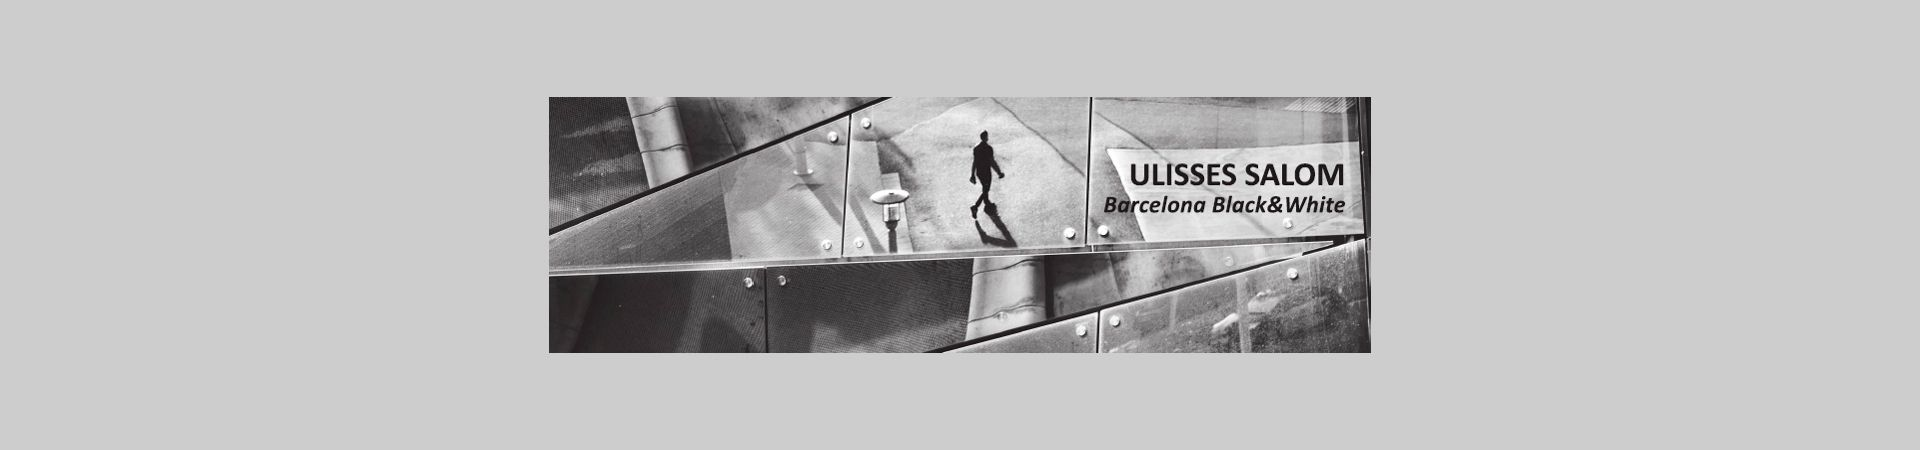 Ulisses Salom. Barcelona Black and White
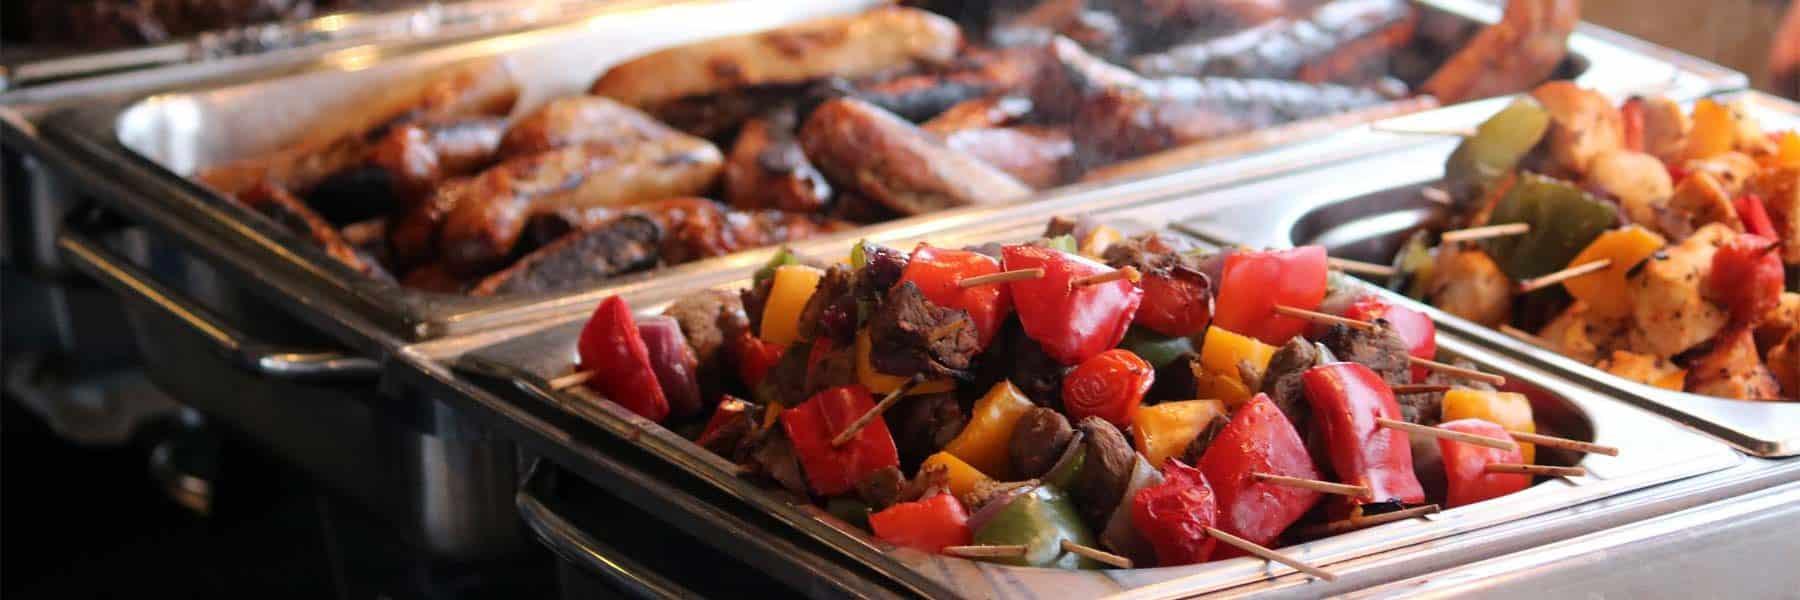 Aberdeen Angus Beef Burgers, Grilled Cumberland Sausages & Welsh Lamb Kofta Kebabs
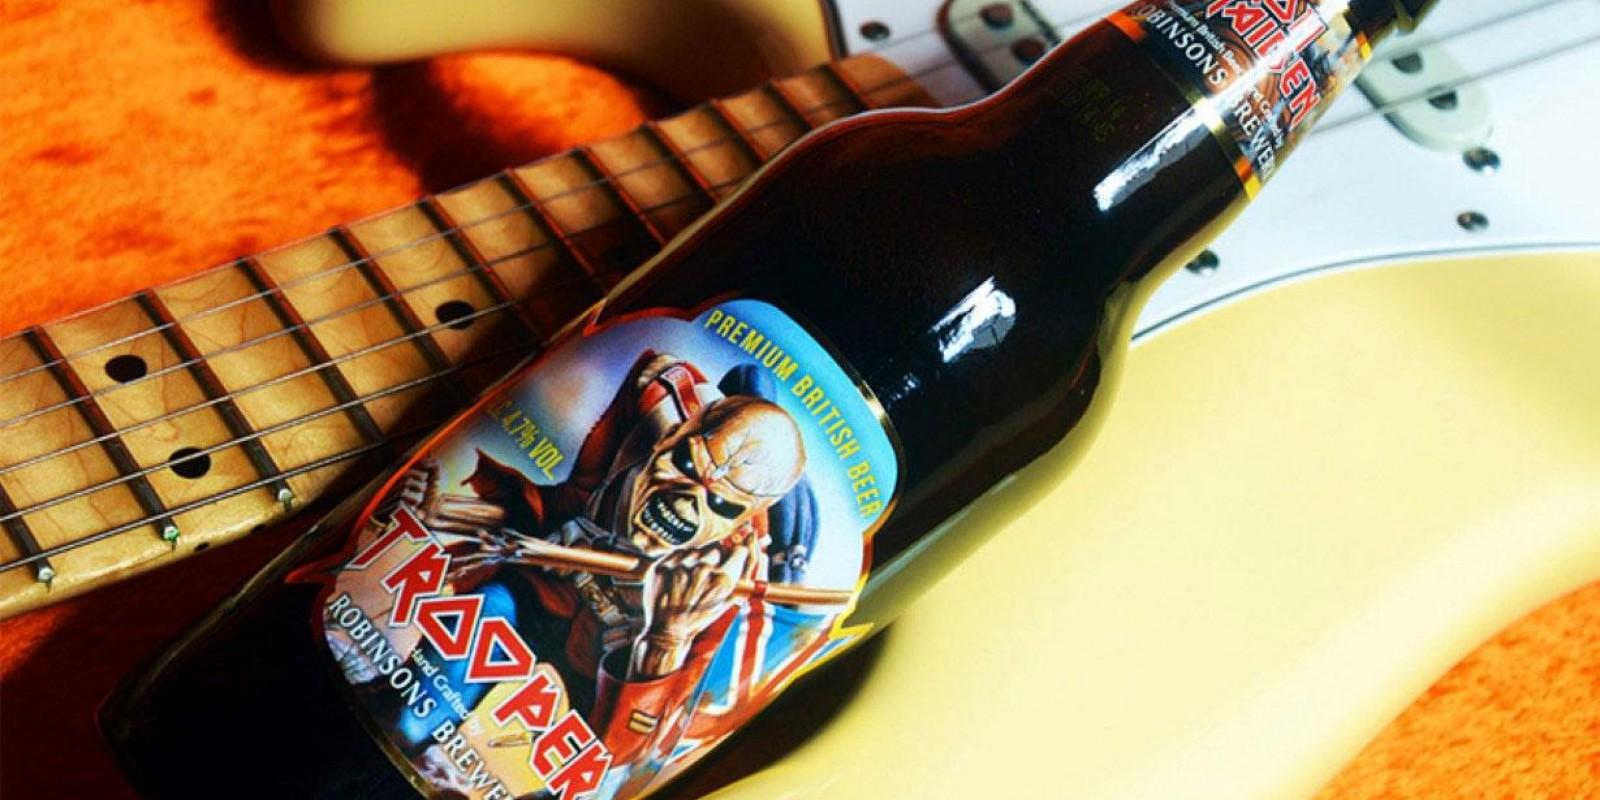 Rock n' Roll e Muita Cerveja

:: Exercise prompt ::
Nothing but the lines from the one containing "Aberdeen Angus Beef" through the last line of the data should appear in the answer, copied exactly, with pictures excluded.

:: Exercise output ::
 Aberdeen Angus Beef Burgers, Grilled Cumberland Sausages & Welsh Lamb Kofta Kebabs
 Rock n' Roll e Muita Cerveja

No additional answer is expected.